Paas - Platform as a service
In many companies they have bet firmly for years on Free Software, something that allowed very rapid changes in the infrastructure without the licensing costs that you have with proprietary systems. This requires that the IT department staff grow rapidly with Linux technicians and developers, who also need to create their applications quickly and although there are ** IaaS (Infrastructure as a Service) ** solutions with self-service portals such as the famous ** OpenStack **, this requires that either the administrator install the entire stack for the application to work or the developer knows how to install it and is in charge of doing it, something that he does not always have to know how to do, in addition to that he would have to know very well the entire network and storage structure to be able to put your application in production. This in addition to being complicated, can take time away from the developer to meet his objectives.
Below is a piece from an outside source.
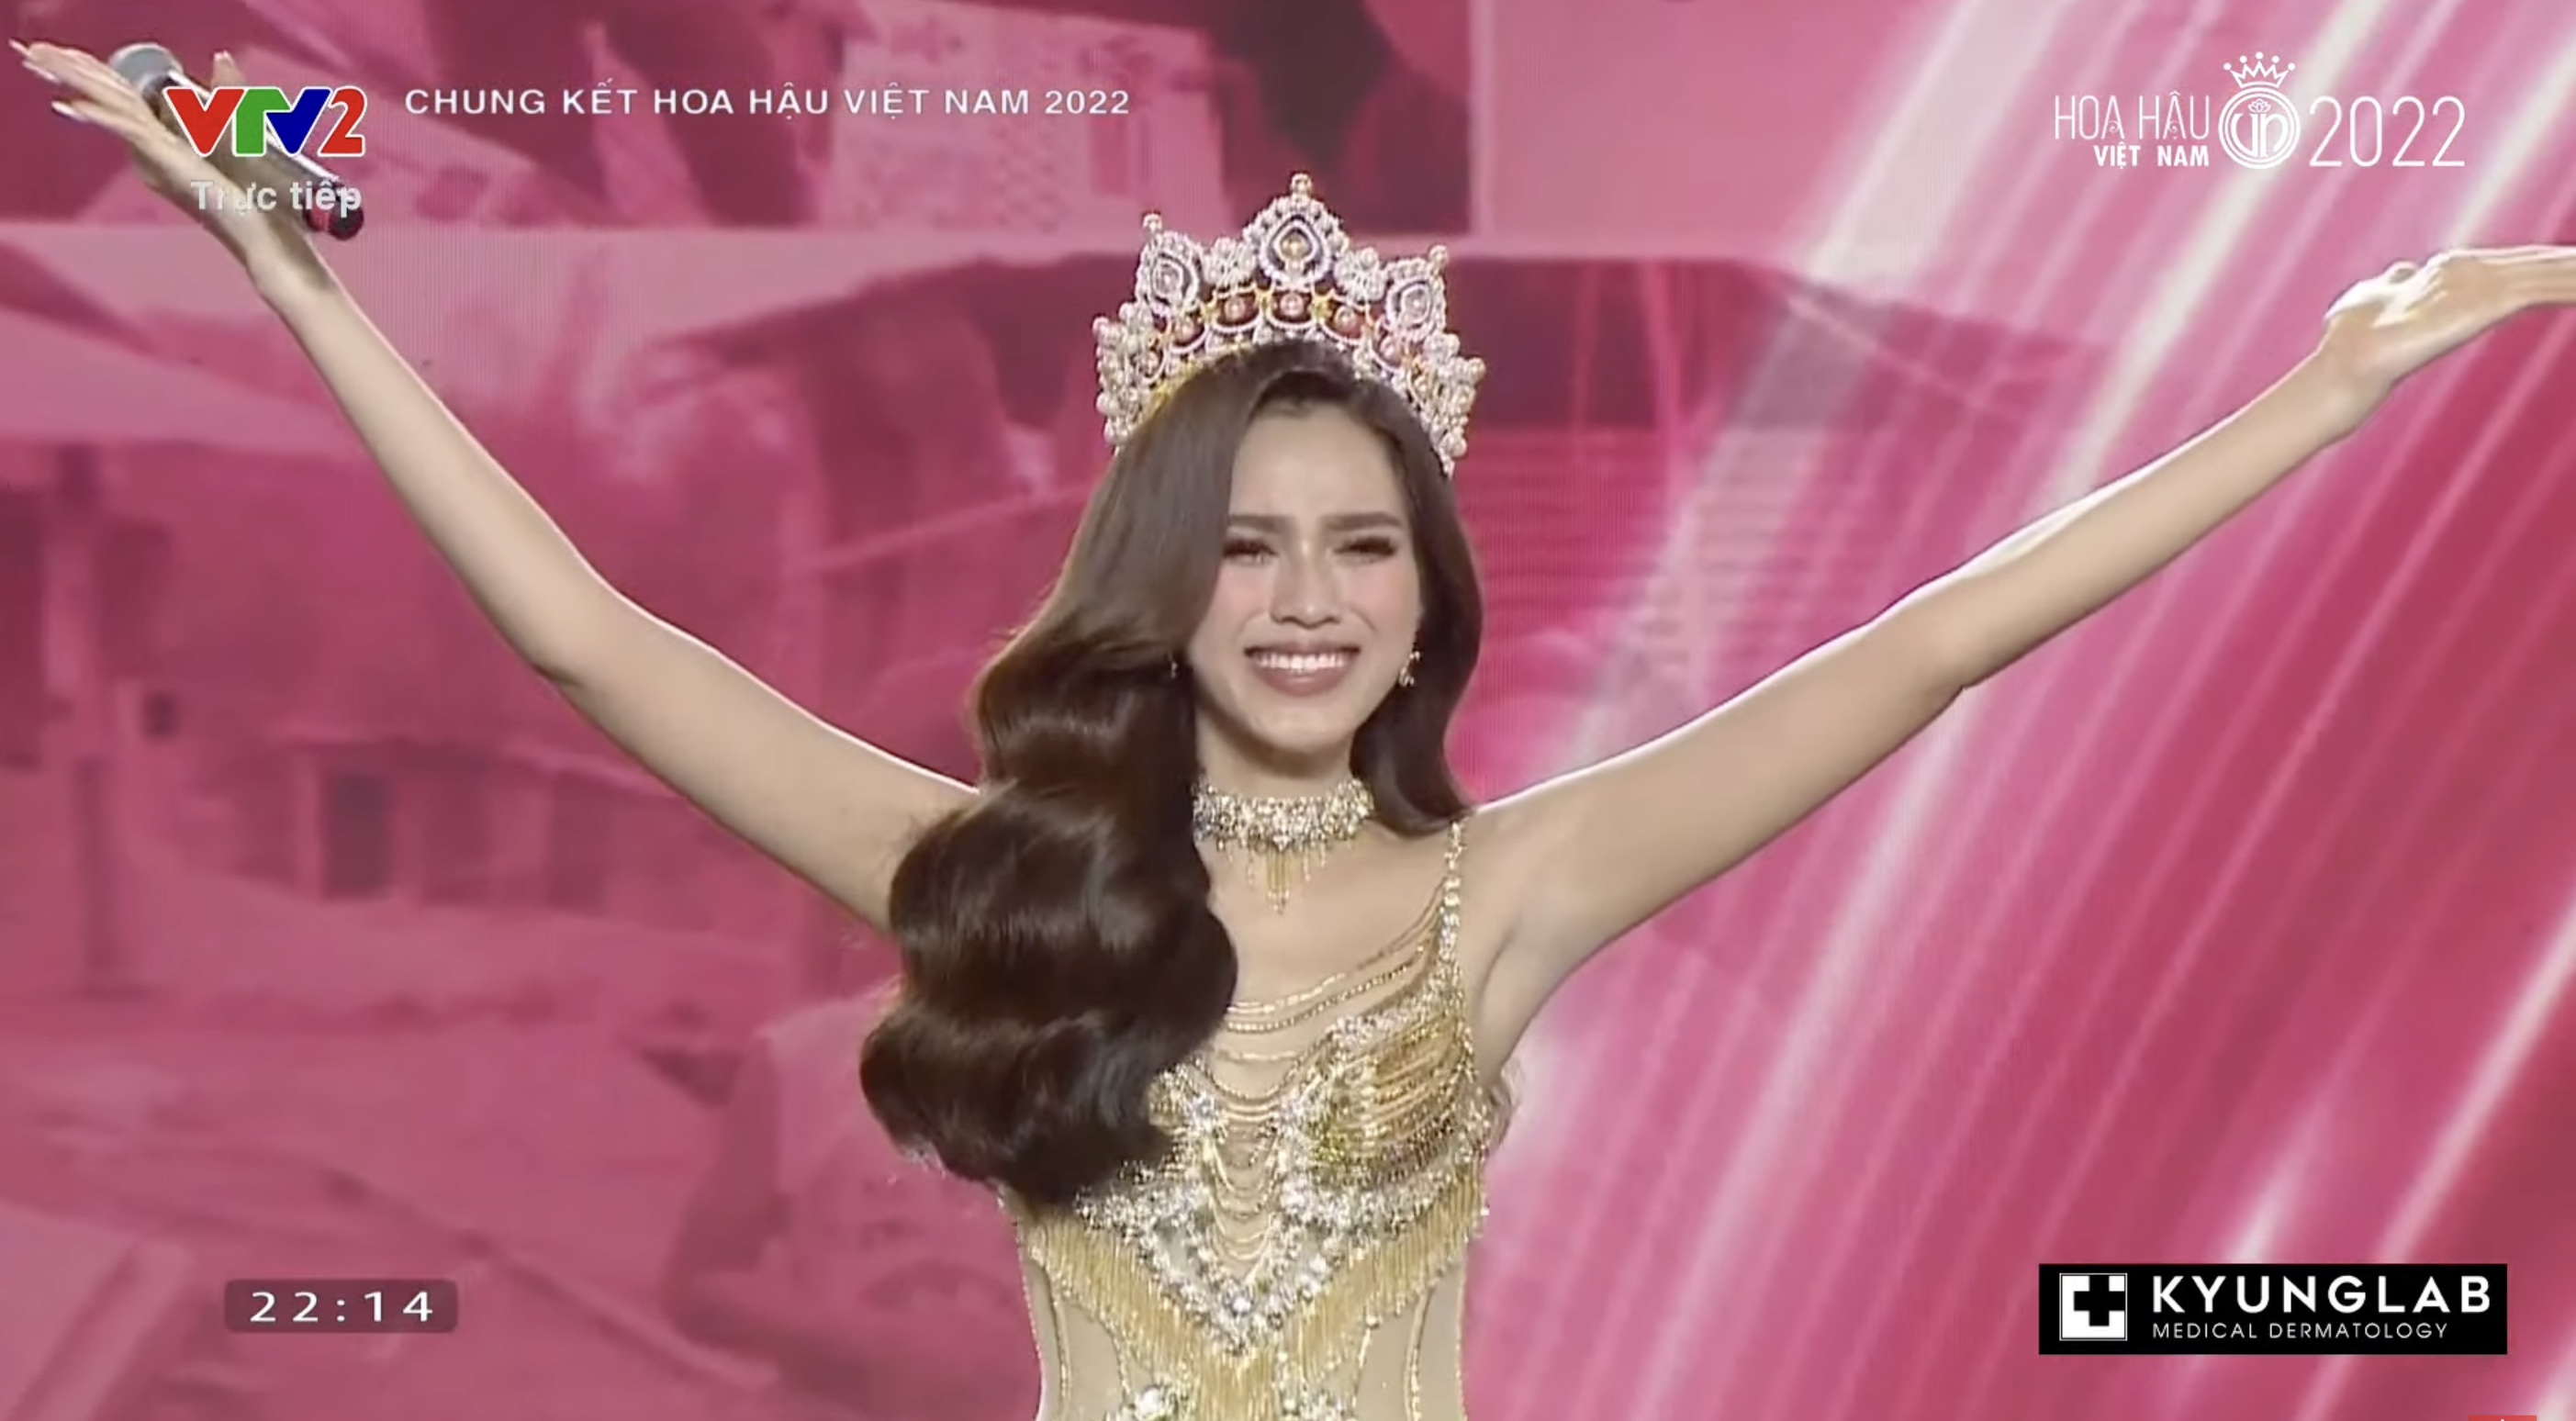 Chung kết Hoa hậu Việt Nam 2022: Tân Hoa hậu chính thức gọi tên Huỳnh Thị Thanh Thuỷ - 15

A few years ago, the first platforms as a service appeared like [Heroku] ( https://www.heroku.com), which allowed the developer to deploy their application without having to know anything about the infrastructure behind it. That he needs a database or a rabbit-mq queue, since the system is exposed as a service so that he can use it within the app without having to know where those services are. In the same way, the system offers a series of languages or frameworks so that the developer can choose the one he likes the most or the one that suits him the most at that moment, python, nodejs or java.
If you want to set up a private Paas I would recommend you by [TSURU https://tsuru.io] ( https://tsuru.io) for the following reasons:
- The main method of interacting with tsuru is ** git **, so the developer doesn’t have to learn anything new
- The final product of a deploy within tsuru is a docker image, which at the moment has been placed at the head of the container systems on the market.
- Tsuru allows to have a cluster of docker nodes to run the applications and thus be able to scale horizontally and even autoscaling the apps
- New platforms or services are easy to create and include in the system.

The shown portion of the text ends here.